Three reasons, really. The first is just a minor snag – FP I/O is locale-dependent (decimal point vs. decimal comma).
The second is that, to do the FP logic right (instead of naïve 80-20 solutions), you need to take lots of platform specifics into account. This will blow up <_PDCLIB_config.h>
significantly, and result in lots of rather ugly conditional code.
Third, it is quite simply the area I have the least expertise in. I want to save the hardest part for last.
Sometimes we find ourselves approaching new technologies from rather unexpected angles. Right now I am working on an ePub conversion of The Unicode Standard for easier reading, as PDF handles poorly on my tolino ebook reader.
I would probably never have bothered with looking into the ePub format if it had not been for PDCLib… we live and learn.
There is no way around it. Too much of the whole ctype, wctype, uchar, locale issue is pointing to Unicode all over again. And I have been cursing at getting tangled by lots of cross-references and internal dependencies, so now I made myself sit down and tackle the monster that is The Unicode Standard. From cover to cover, as there seems to be no real shortcut to “just what I need right now”.
So… yeah. Stay put.
In these past two days, I learned a lot about the Unicode Collation Algorithm. Yes, I can do this, I can make this part of the PDCLib.
But no, not in the immediate future. That will have to “make do” with the “C” locale.
I have added _PDCLIB_load_lc_*()
functions for all the locale categories mandated by C99, plus LC_MESSAGES
which is a C99-compliant POSIX extension which is required anyway for strerror()
and perror()
to be locale-aware.
The one thing left is LC_COLLATE
. Collation in the C locale is comparatively simple, but Unicode aware collation?
Let's just say that the corresponding Unicode document, converted to PDF for easier offline reading, amounts to 61 pages.
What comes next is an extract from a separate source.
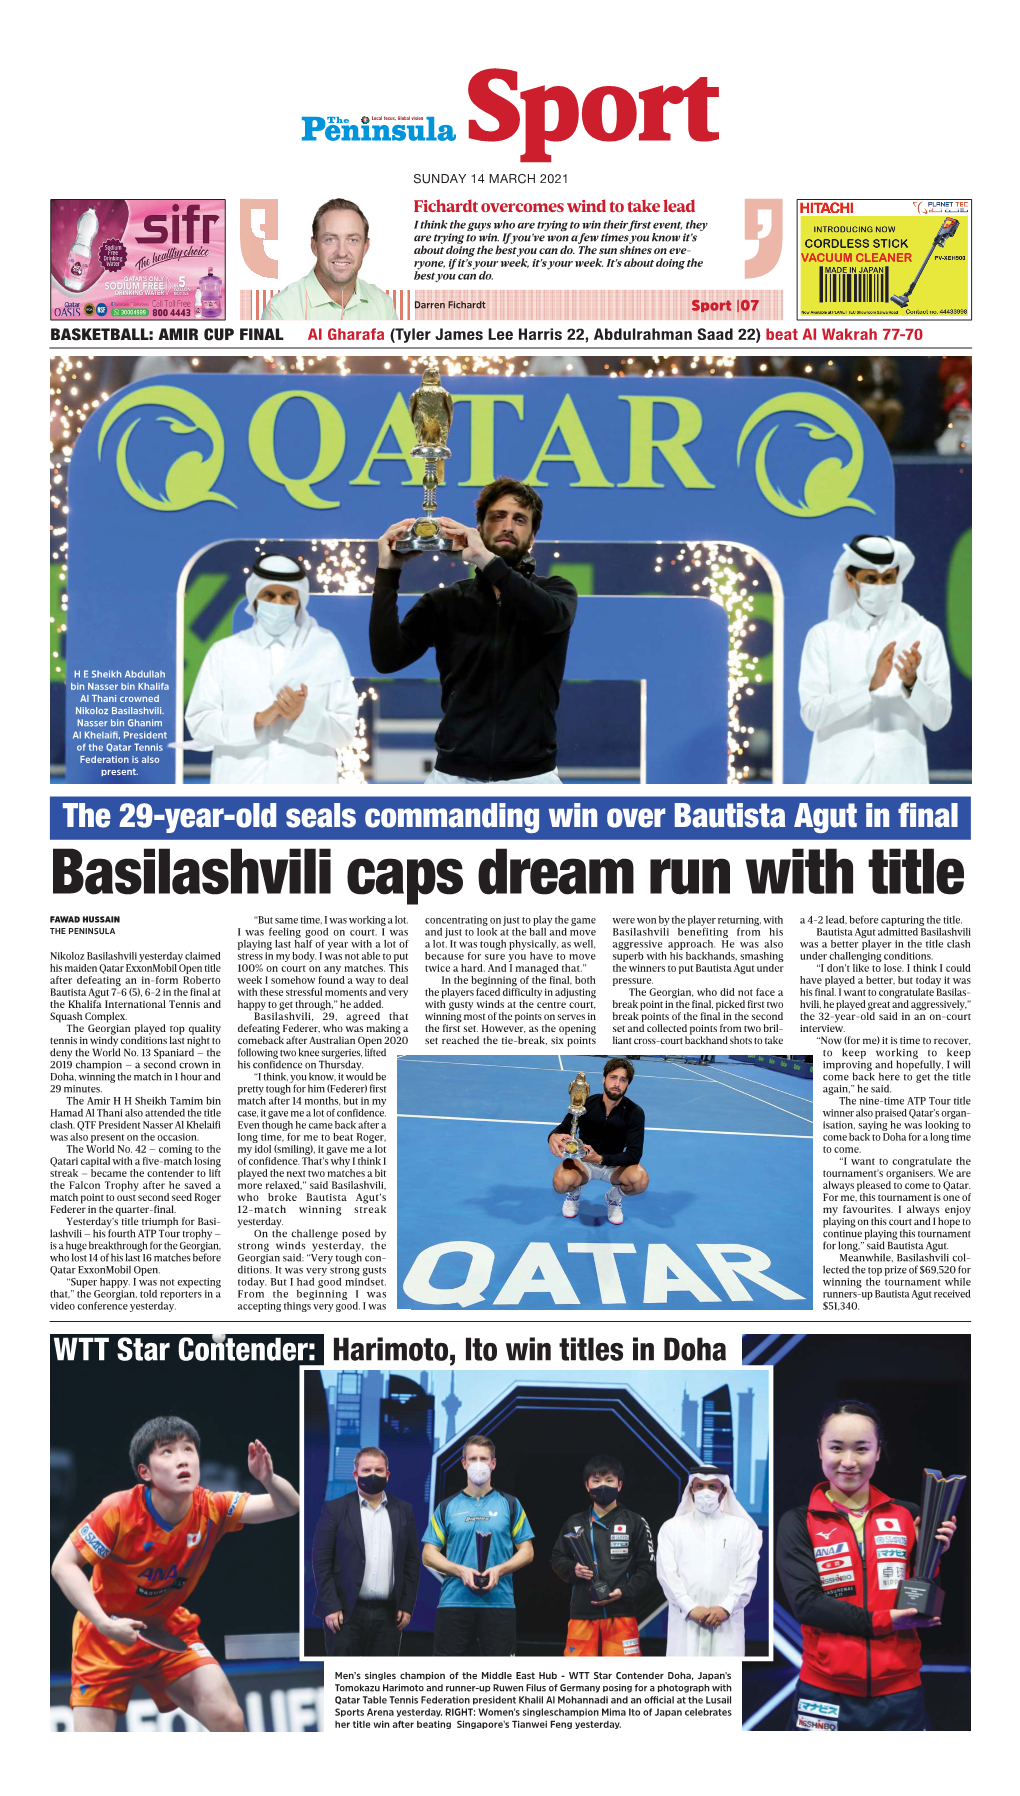 Basilashvili Caps Dream Run with Title
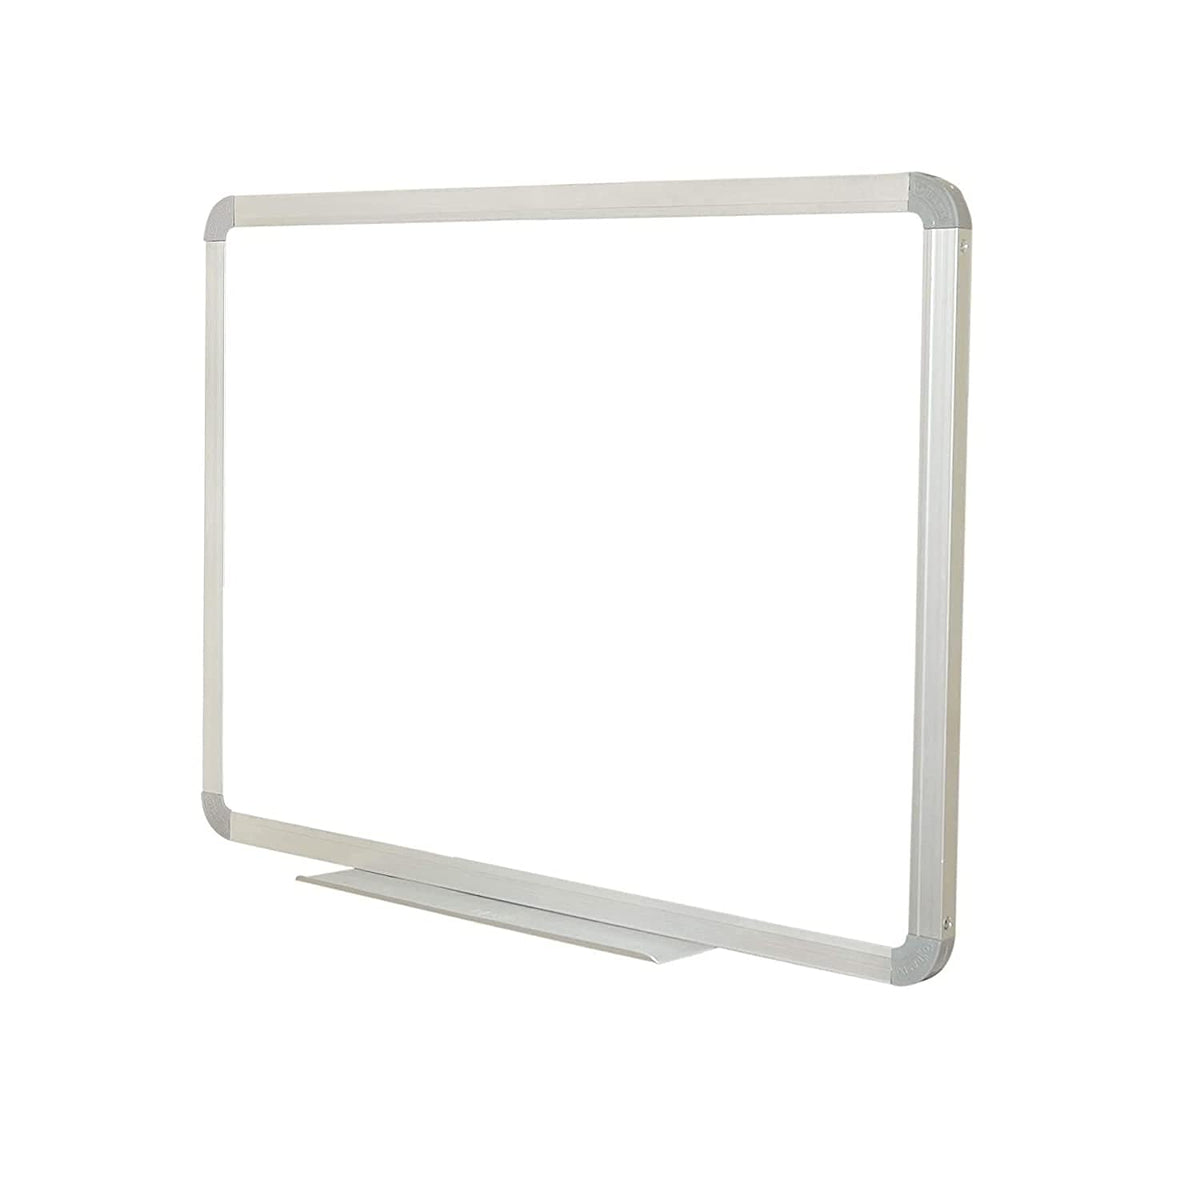 OBASIX® Superior Series White Board Ceramic Steel (Magnetic) 3x3 Feet | Natural Finesse Heavy Aluminium Frame SCWB9090

I will have to dig through that at some point, so why not now.
Bah. Think first. There already is a function to load contents for the various locale-data structures from file, and it's name is setlocale()
.
Also, while loading from the filesystem is rather “raw”, any other mechanic will be even more “raw”, and less standard (as in, <stdio.h>
).
So stop dithering and make setlocale()
do more than return NULL;
.
Looking at what I already had in <locale.h>
, I decided some reworking was required. Stuffing everything into struct lconv
was not the smartest idea I had, so I did split things up into separate struct _PDCLIB_lc_*
. I also moved the extern
declaration of the actual data instances from <locale.h>
to <_PDCLIB_int.h>
where they are less confusing to the casual observer.
I am currently thinking in terms of _PDCLIB_load_lc()
to load contents for the various locale-data structures from file. I do not like the idea of having raw filesystem access inside PDCLib, though… this needs some pondering.
With get-uctypes
(the source of which is in the repo at auxiliary/uctype/
), I now have a program to get character classification information (as required by <ctype.h>
and, more importantly, <wctype.h>
) directly from data files available from unicode.org.
The shepherd
branch already had this functionality, but it was a) written in Python (which IMHO has no place in the source tree of a C library); b) including the raw data files which made them prone to getting outdated and required additional legalese added due to Unicode licensing; c) not giving correct results, and more importantly, not offering an easy way to test against the system library's results.
Now I have to provide a way to actually use the derived information in PDCLib proper.